(Stored data entries)
┄┄┄┄┄┄┄┄┄┄
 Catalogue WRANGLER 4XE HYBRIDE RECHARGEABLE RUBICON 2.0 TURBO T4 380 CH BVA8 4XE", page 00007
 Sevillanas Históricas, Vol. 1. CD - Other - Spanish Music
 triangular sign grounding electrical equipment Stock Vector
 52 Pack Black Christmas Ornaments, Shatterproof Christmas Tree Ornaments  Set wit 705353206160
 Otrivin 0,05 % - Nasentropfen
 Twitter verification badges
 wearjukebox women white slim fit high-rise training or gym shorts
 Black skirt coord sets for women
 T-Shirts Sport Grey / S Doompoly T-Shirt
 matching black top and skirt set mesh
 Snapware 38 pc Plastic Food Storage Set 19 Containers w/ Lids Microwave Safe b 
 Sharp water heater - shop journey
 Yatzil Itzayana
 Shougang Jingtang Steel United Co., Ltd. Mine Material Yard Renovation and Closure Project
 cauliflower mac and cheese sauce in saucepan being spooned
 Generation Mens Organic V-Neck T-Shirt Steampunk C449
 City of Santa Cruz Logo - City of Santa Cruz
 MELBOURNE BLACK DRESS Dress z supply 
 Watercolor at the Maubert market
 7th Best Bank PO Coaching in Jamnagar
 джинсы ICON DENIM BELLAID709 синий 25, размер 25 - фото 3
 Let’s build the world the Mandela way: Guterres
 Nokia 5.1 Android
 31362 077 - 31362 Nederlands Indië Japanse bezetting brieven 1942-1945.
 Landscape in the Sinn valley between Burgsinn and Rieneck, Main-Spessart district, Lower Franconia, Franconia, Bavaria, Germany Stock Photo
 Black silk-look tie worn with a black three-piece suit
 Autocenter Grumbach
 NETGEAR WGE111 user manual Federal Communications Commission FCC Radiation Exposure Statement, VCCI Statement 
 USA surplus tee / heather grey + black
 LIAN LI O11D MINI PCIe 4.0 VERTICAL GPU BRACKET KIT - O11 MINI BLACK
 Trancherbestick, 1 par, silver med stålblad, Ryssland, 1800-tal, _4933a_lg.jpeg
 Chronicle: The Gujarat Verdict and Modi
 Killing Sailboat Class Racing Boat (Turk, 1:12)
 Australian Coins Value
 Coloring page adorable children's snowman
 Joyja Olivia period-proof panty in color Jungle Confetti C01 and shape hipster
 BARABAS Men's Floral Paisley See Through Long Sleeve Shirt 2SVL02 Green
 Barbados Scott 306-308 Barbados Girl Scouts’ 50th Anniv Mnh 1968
┄┄┄┄┄┄┄┄┄┄
WHAT THE TASK ASKS>
The number of lines in the entries holding the word "women" is what is needed. Supply that number only.

TASK OUTPUT>
2